As of the end of June, the company had $66M in cash but almost $890M in debt resulting in a net debt position of in excess of $830M. While we should see a positive EBITDA contribution from the acquired assets this year, I’m a little bit cautious when I see a net debt level of in excess of 5 times EBITDA and even in excess of 4 times the adjusted EBITDA.

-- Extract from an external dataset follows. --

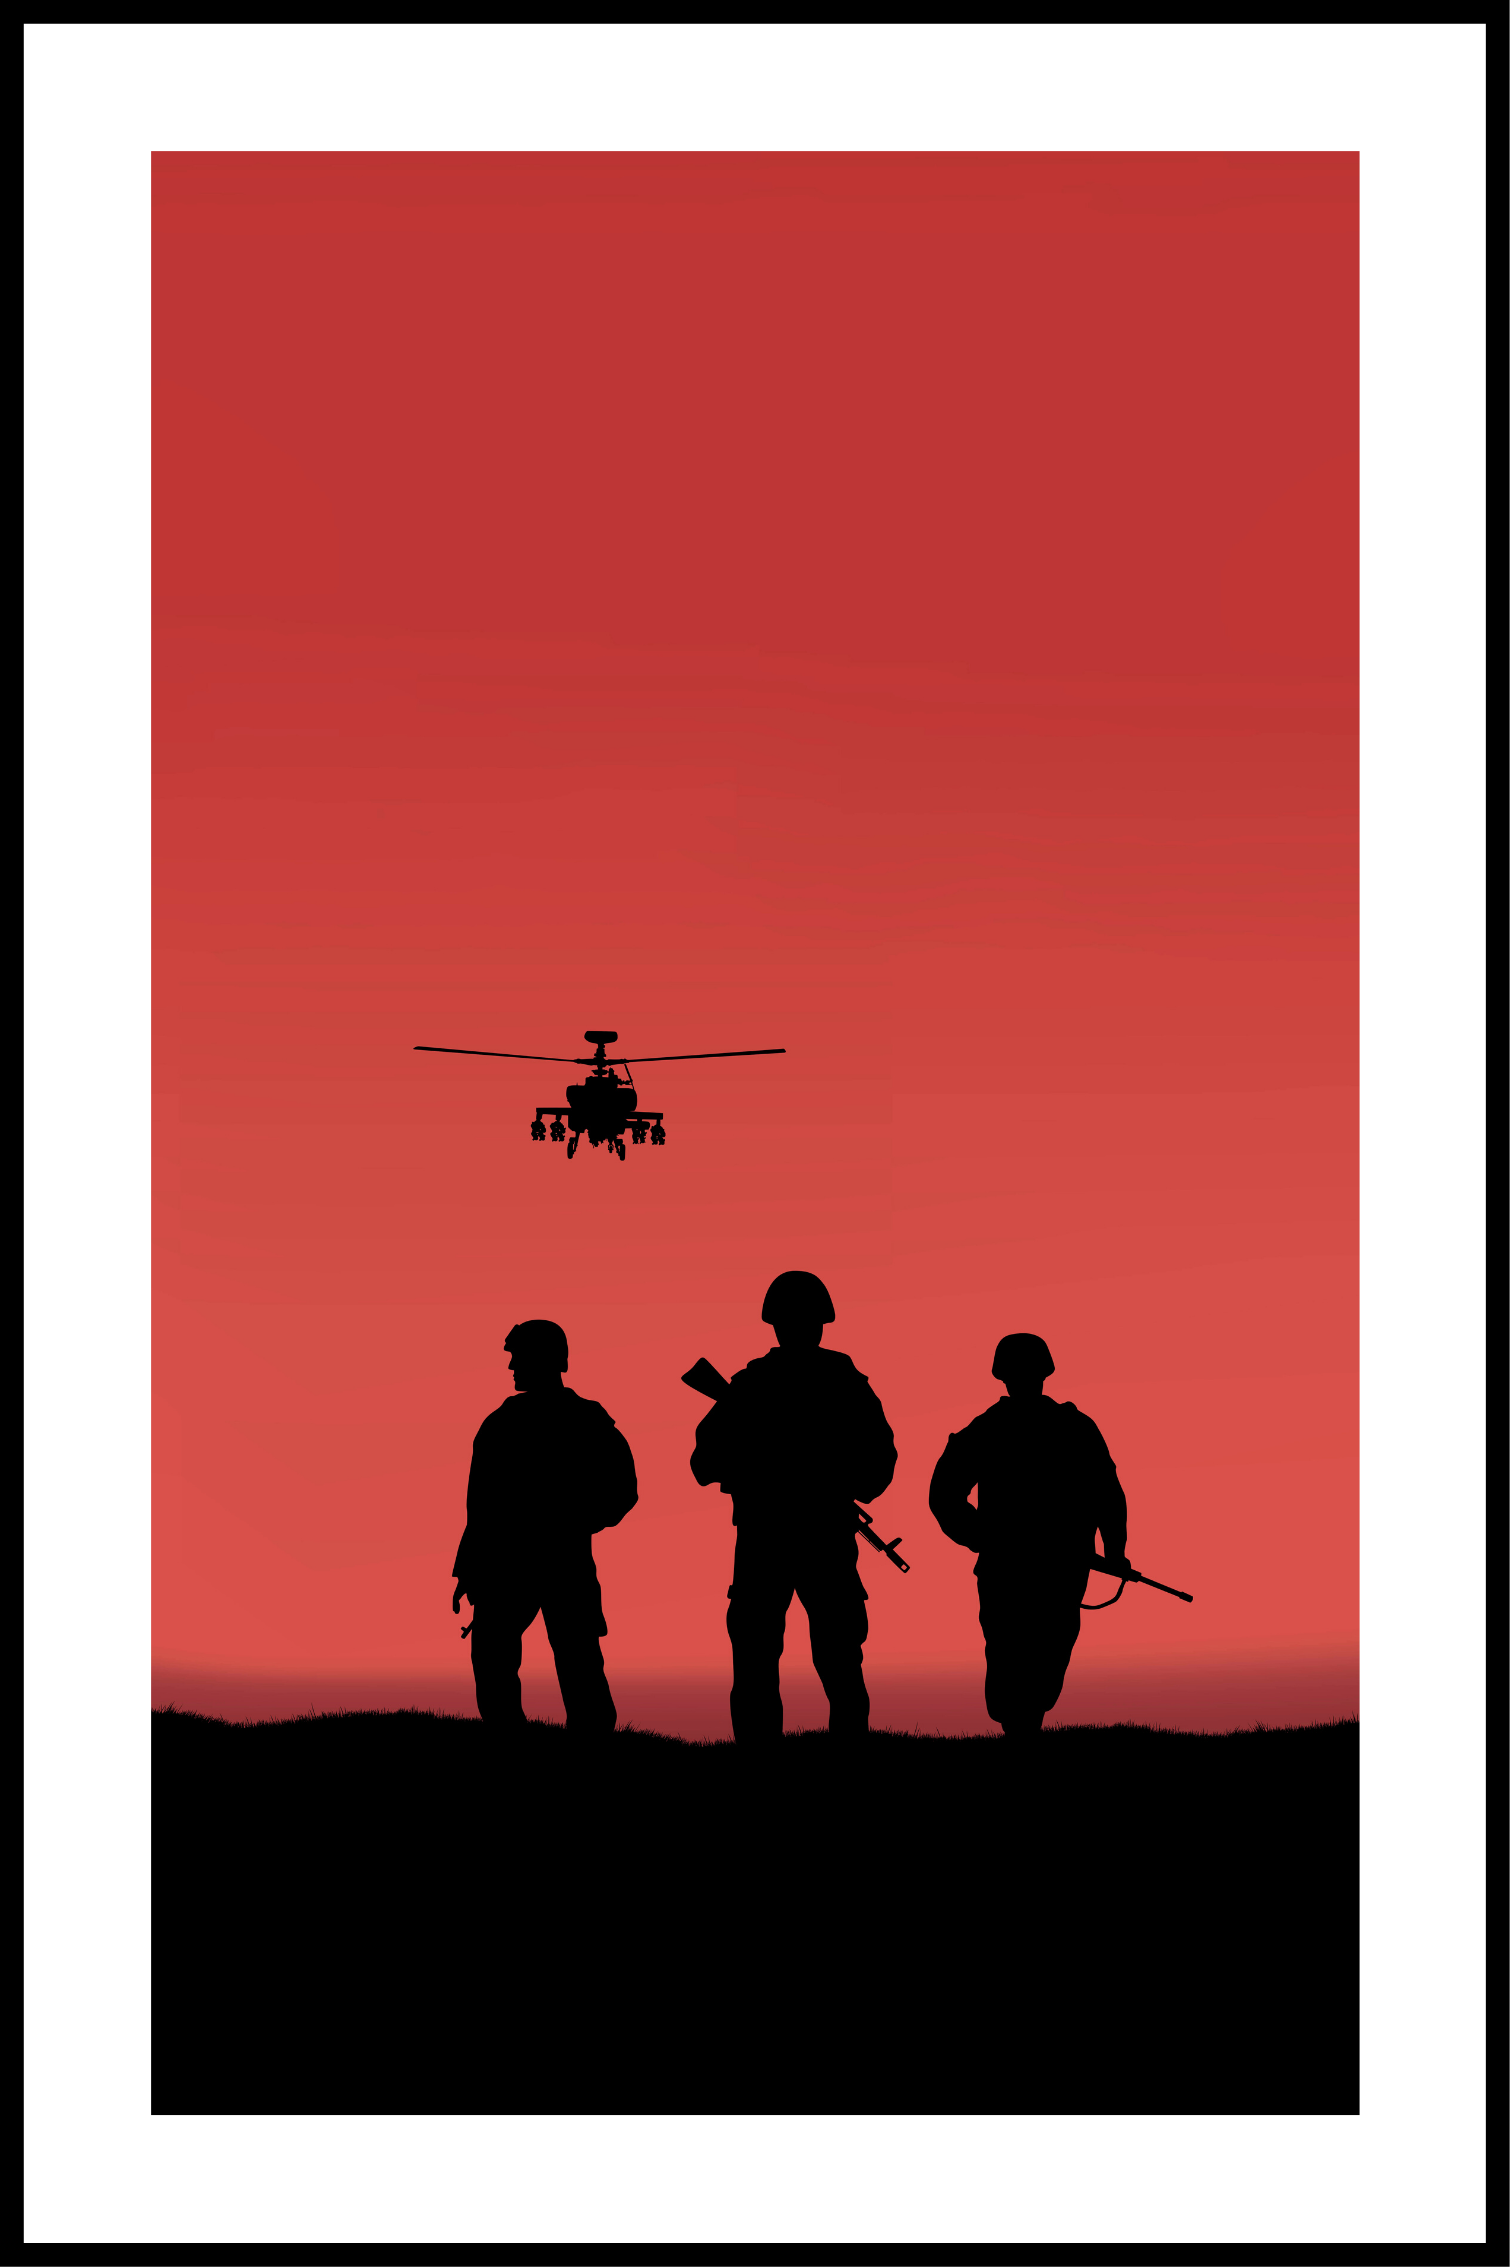 affisch för soldater i krig
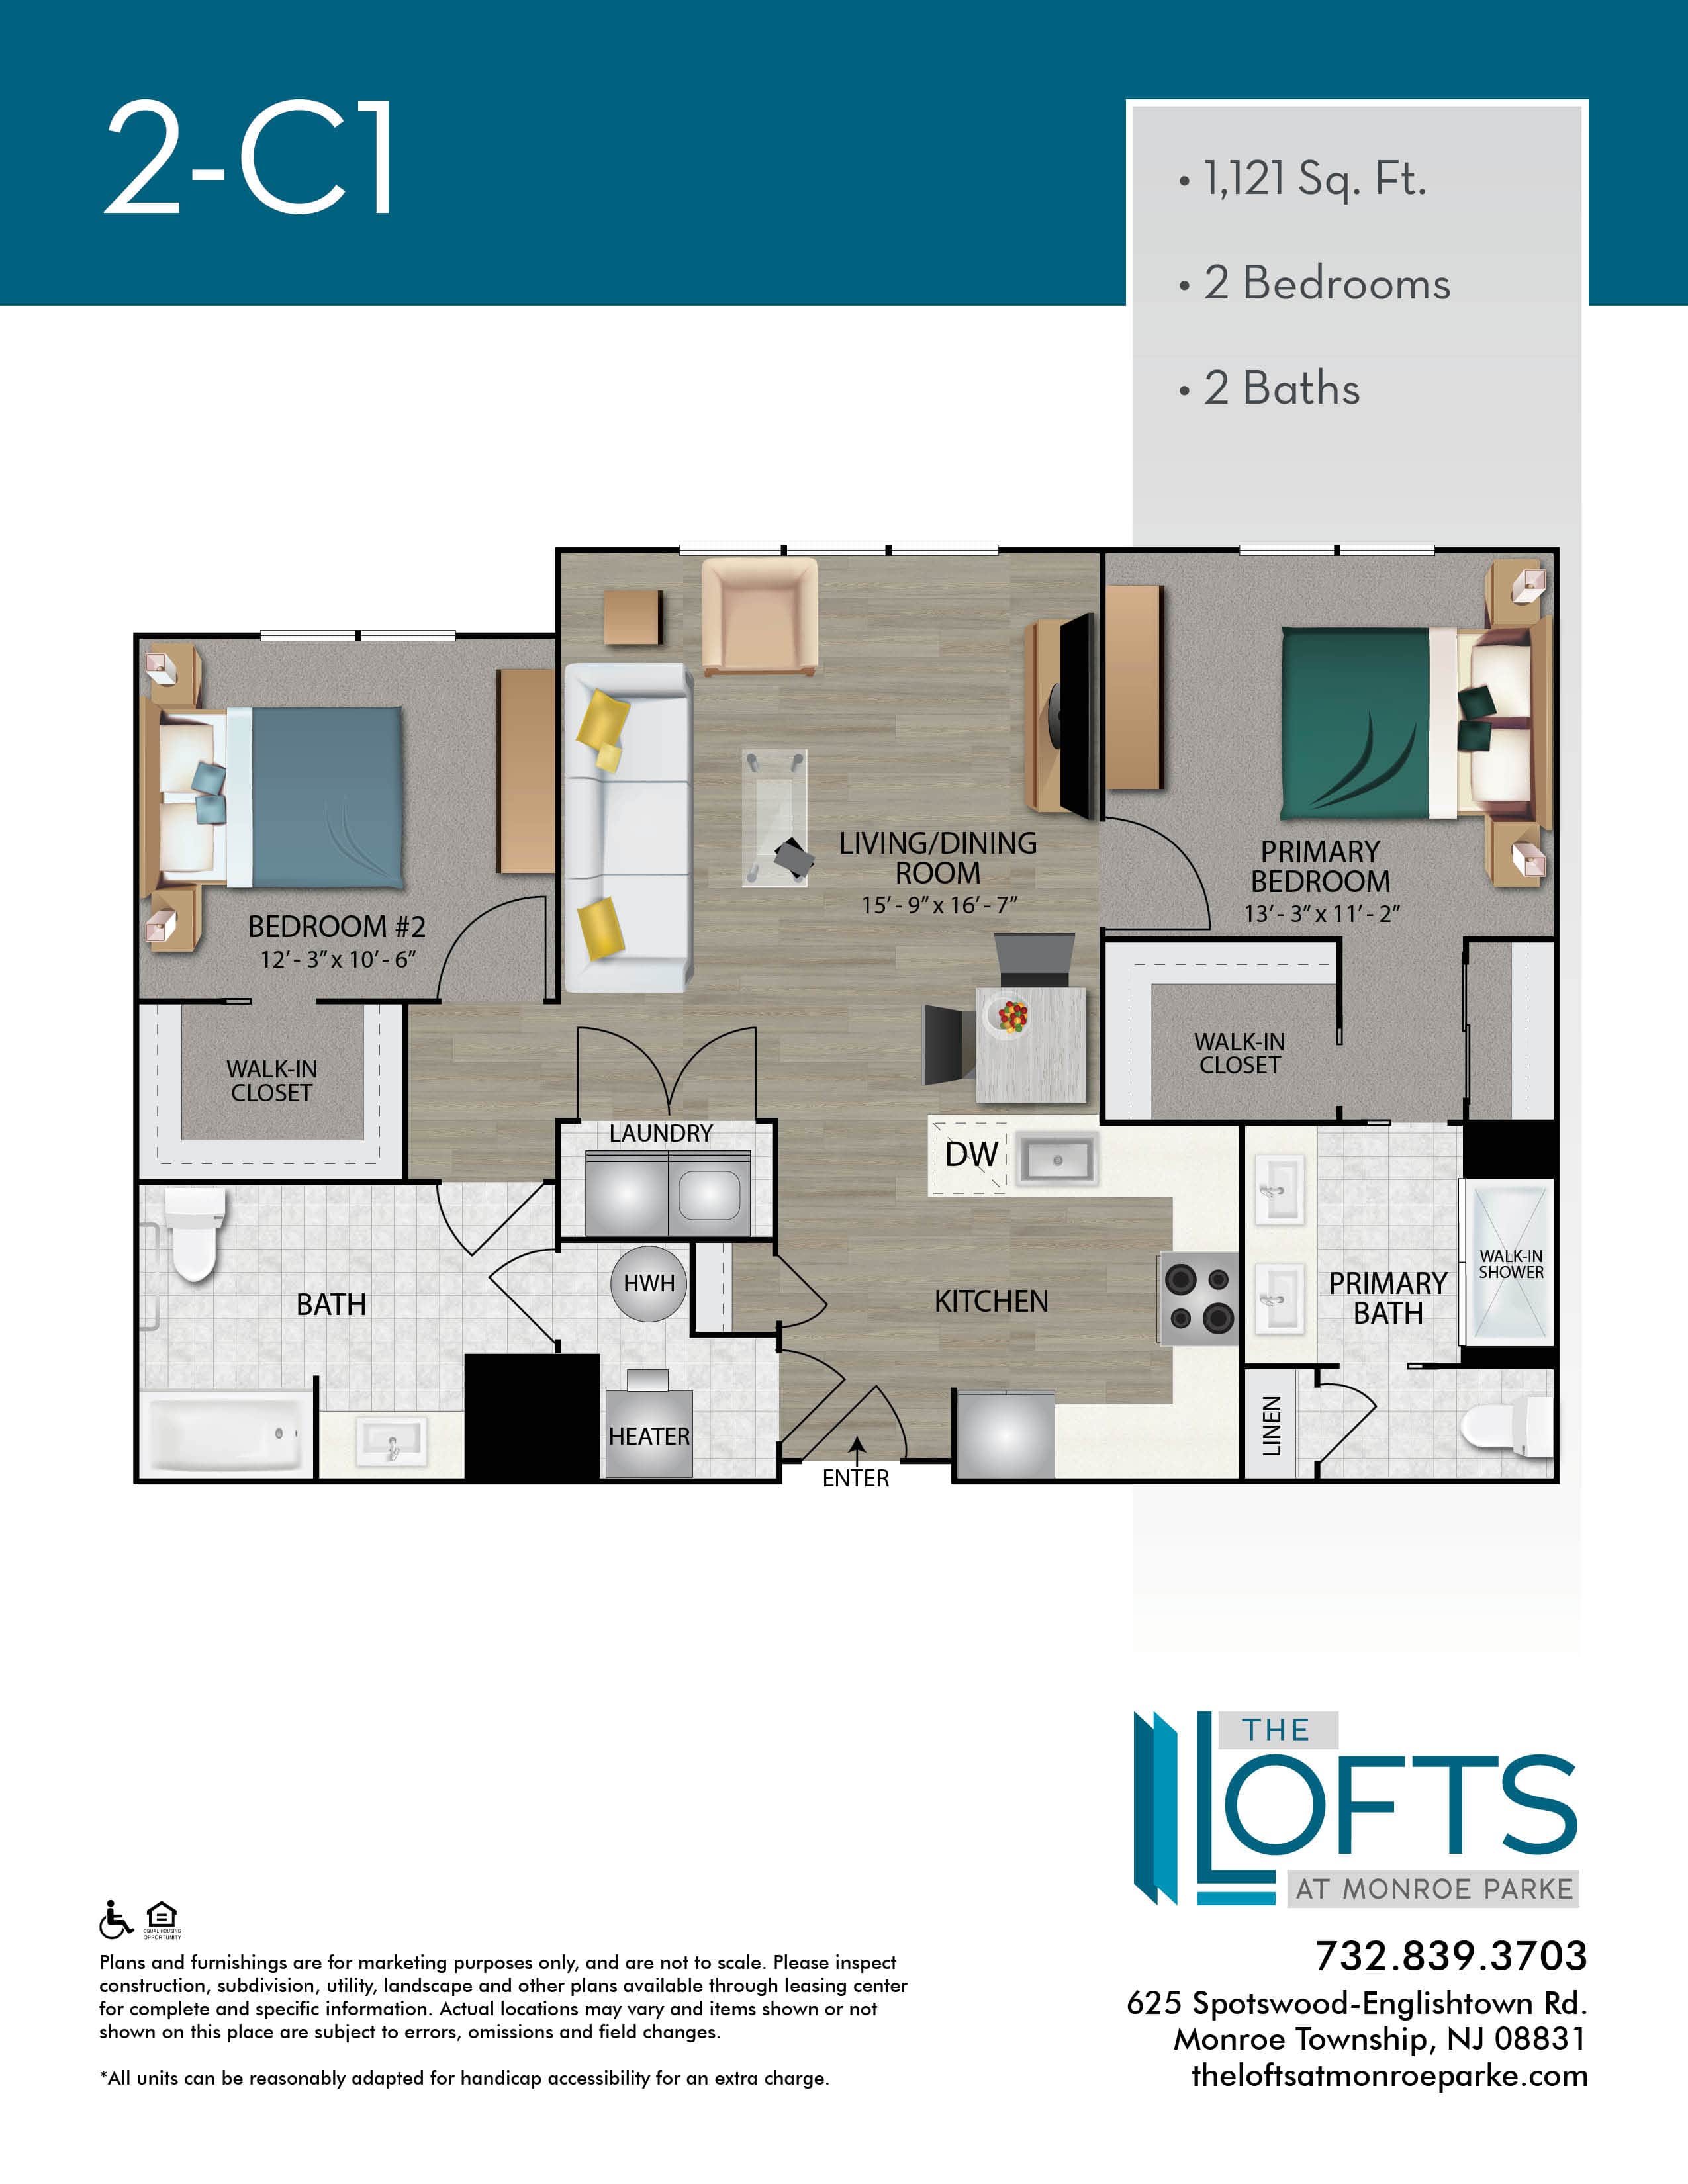 The Lofts at Monroe Park Apartment Floor Plan 2C1

Adjusted EBITDA calculation

Hain Celestial Investor Relations

On top of that, the majority of the new debt on the balance sheet came from a revolving credit facility which has a floating interest rate. A 2% increase in the interest rates will increase the interest expenses by almost $12M, and even on an after-tax basis, the free cash flow would decrease by roughly $9M.

Debt Evolution

Hain Celestial Investor Relations

The outlook for the current financial year doesn’t really help

Despite the acquisitions and further streamlining of the operations, we shouldn’t expect Hain to do better this year. According to the official guidance, the company is anticipating both the adjusted revenue and adjusted EBITDA to move in a minus 1% to plus 4% range, and seeing how inflation continues to impact the operating expenses on the producer level and how it continues to erode consumer confidence, we should probably not be surprised if the company comes in at the lower end of guidance.

FY 2023 Guidance

Hain Celestial Investor Relations

Throw in the fact that the interest expenses will increase, not only because of the increasing interest rates but also because this will be the first full year Hain will have to deal with the increased gross debt level, and I’m not even sure Hain will be able to keep its free cash flow unchanged. That will depend on how the cash restructuring expenses are evolving.

Investment thesis

It will be interesting to see how the company evolves over the next few quarters. As it’s selling a premium product, it’s not unlikely to expect consumers to switch to cheaper products as only the “hardcore” health-minded consumers will stick to the premium products. It looks like Hain Celestial is trying to “buy” itself out of its lackluster performance, but despite spending in excess of a quarter of a billion on acquisitions, the EBITDA growth will be pretty low.

If it wasn’t for the much higher net debt level and the anticipated interest expense increases, I would have turned bullish on Hain based on the current valuation. But buying back stock at an average of in excess of $38/share wasn’t the smartest move, especially not when you’re planning to spend $300M on capex and acquisitions.

At this point, I’m moving to a “neutral” at best. Hain seems to have set the bar pretty low for this year, and if it fails to jump over the hurdle, the market likely won’t react well. I’m still on the sidelines, but no longer very bearish.